[Source data]

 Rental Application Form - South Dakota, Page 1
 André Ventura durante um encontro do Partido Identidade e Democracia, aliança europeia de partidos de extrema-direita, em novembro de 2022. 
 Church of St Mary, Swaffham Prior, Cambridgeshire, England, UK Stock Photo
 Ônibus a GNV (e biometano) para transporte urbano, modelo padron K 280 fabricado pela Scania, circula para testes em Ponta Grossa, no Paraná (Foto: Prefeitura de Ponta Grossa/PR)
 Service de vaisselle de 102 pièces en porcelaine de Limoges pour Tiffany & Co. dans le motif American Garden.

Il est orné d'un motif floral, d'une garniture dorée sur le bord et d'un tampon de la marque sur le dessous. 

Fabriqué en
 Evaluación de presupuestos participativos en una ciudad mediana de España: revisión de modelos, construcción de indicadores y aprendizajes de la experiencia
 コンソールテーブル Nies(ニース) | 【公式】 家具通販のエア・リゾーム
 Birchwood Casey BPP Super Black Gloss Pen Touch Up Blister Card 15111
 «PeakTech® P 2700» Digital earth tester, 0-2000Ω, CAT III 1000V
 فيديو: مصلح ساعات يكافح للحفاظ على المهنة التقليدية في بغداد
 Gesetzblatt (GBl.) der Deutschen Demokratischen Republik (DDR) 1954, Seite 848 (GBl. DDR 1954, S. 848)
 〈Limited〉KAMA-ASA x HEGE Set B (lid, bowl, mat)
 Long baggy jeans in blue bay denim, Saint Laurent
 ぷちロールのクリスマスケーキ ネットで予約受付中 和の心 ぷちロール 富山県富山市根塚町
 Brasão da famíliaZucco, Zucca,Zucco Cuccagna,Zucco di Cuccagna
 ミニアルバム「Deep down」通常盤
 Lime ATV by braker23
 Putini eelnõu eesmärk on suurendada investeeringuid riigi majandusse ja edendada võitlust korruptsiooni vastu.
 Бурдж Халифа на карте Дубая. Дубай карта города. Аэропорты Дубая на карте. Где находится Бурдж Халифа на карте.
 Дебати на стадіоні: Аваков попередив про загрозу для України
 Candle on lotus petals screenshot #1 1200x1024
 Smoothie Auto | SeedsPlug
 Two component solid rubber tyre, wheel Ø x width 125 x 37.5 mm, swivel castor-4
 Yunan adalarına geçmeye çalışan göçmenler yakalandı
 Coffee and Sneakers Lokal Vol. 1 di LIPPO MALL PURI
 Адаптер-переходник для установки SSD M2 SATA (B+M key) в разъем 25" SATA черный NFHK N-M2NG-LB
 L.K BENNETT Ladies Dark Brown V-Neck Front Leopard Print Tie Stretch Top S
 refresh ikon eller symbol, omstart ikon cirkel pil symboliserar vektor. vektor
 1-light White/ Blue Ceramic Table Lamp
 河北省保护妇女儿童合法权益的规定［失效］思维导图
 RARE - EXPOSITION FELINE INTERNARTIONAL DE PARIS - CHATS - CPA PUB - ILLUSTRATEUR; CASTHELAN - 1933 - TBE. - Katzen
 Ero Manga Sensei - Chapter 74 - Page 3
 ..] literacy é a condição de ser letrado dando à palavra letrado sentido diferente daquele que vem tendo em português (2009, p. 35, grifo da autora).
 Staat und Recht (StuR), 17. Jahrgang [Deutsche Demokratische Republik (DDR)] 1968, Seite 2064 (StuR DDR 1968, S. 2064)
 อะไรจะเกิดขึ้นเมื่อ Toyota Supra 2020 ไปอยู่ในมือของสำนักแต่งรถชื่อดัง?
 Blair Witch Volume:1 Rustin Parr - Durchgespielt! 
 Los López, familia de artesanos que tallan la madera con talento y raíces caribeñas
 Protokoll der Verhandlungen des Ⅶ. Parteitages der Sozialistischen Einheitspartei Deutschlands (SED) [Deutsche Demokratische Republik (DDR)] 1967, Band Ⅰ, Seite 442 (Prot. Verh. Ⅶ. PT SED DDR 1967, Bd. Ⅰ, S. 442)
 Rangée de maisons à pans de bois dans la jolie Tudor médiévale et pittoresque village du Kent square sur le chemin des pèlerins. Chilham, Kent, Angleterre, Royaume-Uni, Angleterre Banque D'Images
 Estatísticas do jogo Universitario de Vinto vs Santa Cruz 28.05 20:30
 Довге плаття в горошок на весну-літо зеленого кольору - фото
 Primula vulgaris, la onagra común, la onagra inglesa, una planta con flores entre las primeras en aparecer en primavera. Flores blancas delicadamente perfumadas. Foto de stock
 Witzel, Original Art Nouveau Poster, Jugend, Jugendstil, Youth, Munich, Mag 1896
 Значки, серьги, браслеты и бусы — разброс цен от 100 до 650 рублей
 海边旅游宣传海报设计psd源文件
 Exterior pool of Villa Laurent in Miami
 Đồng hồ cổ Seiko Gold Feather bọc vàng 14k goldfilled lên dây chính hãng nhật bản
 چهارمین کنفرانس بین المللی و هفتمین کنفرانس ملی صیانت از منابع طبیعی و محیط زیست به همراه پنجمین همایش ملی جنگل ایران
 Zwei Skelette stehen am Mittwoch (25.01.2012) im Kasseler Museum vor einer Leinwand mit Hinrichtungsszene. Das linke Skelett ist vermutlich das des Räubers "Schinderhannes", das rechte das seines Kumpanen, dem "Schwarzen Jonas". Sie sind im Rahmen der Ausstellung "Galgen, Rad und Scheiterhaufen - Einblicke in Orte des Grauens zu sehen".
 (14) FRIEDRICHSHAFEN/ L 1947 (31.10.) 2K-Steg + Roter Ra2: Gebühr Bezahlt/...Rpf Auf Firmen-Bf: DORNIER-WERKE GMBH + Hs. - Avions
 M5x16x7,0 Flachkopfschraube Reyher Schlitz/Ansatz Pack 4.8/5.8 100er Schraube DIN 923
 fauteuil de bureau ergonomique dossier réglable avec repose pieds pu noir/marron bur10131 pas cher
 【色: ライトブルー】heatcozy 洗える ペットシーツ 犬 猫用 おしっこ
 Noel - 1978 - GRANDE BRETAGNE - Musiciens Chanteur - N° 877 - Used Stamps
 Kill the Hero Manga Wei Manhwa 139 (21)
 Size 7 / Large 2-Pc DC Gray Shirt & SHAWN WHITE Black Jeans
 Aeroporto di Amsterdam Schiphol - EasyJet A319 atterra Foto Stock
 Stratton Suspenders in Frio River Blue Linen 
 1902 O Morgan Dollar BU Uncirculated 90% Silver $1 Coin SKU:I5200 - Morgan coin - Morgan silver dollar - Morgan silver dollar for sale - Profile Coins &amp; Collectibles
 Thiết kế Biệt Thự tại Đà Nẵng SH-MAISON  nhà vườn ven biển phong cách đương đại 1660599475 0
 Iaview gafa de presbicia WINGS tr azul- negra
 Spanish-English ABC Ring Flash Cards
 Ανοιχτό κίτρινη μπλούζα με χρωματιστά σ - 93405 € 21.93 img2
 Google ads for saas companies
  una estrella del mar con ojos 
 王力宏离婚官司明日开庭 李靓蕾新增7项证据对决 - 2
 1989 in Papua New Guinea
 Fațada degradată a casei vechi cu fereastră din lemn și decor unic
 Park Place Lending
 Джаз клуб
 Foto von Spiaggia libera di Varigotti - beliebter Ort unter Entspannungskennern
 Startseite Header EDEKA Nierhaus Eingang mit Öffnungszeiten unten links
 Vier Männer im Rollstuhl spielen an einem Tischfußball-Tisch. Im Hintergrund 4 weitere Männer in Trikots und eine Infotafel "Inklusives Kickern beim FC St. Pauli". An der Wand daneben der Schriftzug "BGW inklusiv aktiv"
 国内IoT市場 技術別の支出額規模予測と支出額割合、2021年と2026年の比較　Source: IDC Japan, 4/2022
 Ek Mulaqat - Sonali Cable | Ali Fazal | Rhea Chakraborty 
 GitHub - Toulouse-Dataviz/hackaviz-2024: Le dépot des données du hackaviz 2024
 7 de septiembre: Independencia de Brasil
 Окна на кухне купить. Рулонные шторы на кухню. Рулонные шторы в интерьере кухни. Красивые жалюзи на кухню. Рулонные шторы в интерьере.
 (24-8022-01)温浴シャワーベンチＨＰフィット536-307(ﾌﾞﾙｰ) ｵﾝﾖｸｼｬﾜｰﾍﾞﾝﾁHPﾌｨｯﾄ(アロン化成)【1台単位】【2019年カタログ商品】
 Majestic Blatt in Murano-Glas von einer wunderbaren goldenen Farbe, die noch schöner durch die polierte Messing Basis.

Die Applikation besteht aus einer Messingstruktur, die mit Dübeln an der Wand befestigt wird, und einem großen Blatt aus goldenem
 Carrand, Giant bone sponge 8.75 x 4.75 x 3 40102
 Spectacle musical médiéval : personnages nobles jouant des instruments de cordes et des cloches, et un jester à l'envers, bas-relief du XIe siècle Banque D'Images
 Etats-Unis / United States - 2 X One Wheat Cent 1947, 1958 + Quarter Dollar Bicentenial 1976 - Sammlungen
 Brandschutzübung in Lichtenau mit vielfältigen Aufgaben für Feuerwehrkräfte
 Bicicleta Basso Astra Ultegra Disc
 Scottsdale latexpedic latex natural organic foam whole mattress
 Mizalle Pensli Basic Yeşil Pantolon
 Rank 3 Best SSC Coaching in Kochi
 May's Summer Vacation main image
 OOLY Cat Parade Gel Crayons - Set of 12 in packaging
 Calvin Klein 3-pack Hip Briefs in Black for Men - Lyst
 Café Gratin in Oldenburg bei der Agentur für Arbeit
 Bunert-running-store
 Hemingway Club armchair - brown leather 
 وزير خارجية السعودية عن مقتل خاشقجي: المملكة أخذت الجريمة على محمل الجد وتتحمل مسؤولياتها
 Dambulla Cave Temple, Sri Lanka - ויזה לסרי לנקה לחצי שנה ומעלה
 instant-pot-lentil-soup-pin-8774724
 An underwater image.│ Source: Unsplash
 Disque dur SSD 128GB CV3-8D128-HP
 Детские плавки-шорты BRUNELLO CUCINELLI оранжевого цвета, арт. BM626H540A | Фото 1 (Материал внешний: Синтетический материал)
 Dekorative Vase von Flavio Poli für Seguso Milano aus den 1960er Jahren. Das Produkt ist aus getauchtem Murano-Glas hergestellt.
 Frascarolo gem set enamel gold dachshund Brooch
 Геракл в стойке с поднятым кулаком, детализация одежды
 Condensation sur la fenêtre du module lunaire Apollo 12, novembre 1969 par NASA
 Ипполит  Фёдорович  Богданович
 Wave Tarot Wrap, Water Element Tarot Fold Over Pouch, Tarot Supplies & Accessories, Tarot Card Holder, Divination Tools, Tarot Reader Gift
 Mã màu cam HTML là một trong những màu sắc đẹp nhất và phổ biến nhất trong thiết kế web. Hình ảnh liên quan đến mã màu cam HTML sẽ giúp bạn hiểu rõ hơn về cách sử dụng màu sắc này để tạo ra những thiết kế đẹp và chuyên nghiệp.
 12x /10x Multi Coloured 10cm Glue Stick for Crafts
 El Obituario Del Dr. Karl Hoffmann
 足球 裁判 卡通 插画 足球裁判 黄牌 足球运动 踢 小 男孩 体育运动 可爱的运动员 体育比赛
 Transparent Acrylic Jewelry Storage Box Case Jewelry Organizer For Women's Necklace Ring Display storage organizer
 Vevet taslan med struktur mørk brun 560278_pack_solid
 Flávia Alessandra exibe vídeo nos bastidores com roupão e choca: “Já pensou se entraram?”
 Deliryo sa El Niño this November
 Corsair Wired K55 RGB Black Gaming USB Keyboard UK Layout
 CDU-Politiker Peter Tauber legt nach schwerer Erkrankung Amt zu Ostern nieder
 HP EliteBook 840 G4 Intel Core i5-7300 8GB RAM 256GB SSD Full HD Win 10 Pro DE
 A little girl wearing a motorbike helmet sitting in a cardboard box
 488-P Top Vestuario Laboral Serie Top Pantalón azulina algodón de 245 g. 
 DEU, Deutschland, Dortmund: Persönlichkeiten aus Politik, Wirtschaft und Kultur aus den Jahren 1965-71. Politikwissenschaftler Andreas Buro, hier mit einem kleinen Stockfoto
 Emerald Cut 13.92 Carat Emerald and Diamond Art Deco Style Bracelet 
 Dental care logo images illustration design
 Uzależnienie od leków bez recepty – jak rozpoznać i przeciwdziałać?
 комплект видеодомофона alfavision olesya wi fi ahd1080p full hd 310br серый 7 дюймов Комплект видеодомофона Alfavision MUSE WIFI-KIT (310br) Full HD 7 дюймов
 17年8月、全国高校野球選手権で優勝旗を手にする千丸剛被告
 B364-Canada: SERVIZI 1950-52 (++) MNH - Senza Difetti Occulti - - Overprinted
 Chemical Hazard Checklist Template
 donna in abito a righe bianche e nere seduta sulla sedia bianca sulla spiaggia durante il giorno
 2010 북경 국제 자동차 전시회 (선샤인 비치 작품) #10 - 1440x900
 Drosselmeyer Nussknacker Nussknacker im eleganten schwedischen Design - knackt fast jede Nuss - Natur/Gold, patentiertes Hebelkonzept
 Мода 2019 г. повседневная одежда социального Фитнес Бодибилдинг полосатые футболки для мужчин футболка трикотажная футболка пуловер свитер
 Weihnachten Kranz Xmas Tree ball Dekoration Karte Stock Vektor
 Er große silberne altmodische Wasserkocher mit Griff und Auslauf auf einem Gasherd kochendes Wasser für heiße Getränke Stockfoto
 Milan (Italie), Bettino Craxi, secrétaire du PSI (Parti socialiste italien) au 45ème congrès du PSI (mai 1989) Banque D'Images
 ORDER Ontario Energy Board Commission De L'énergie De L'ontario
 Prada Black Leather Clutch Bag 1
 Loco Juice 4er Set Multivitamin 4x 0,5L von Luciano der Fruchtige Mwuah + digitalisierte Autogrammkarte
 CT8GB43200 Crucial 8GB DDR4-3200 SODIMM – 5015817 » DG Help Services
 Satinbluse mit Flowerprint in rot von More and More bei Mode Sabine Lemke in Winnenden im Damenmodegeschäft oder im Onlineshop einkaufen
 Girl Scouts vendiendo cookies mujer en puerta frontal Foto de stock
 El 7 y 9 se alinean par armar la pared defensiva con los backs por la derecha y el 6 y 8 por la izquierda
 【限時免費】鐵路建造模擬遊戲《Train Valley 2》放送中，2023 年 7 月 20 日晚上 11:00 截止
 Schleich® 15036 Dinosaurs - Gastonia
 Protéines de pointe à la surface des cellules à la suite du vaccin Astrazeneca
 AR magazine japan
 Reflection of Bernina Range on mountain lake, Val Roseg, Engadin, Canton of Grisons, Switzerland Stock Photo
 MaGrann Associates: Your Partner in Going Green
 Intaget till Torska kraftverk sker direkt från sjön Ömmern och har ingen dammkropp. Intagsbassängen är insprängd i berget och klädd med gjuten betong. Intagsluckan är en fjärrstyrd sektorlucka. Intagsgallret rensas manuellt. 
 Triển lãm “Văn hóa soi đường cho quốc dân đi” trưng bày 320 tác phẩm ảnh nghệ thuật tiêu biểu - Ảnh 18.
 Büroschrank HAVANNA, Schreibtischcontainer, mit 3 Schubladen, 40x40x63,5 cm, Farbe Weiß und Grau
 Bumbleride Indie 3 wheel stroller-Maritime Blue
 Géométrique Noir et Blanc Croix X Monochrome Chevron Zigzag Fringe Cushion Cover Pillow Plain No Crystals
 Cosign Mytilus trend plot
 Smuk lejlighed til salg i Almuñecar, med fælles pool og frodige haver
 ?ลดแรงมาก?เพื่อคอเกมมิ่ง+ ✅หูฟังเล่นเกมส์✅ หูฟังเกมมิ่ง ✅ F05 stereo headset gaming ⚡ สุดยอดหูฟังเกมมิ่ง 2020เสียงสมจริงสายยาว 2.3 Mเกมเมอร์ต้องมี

[Action item] Up to and including the line that holds "André Ventura durante", reproduce the records above exactly from their first line, and give nothing else.

[Response to the exercise]
 Rental Application Form - South Dakota, Page 1
 André Ventura durante um encontro do Partido Identidade e Democracia, aliança europeia de partidos de extrema-direita, em novembro de 2022. 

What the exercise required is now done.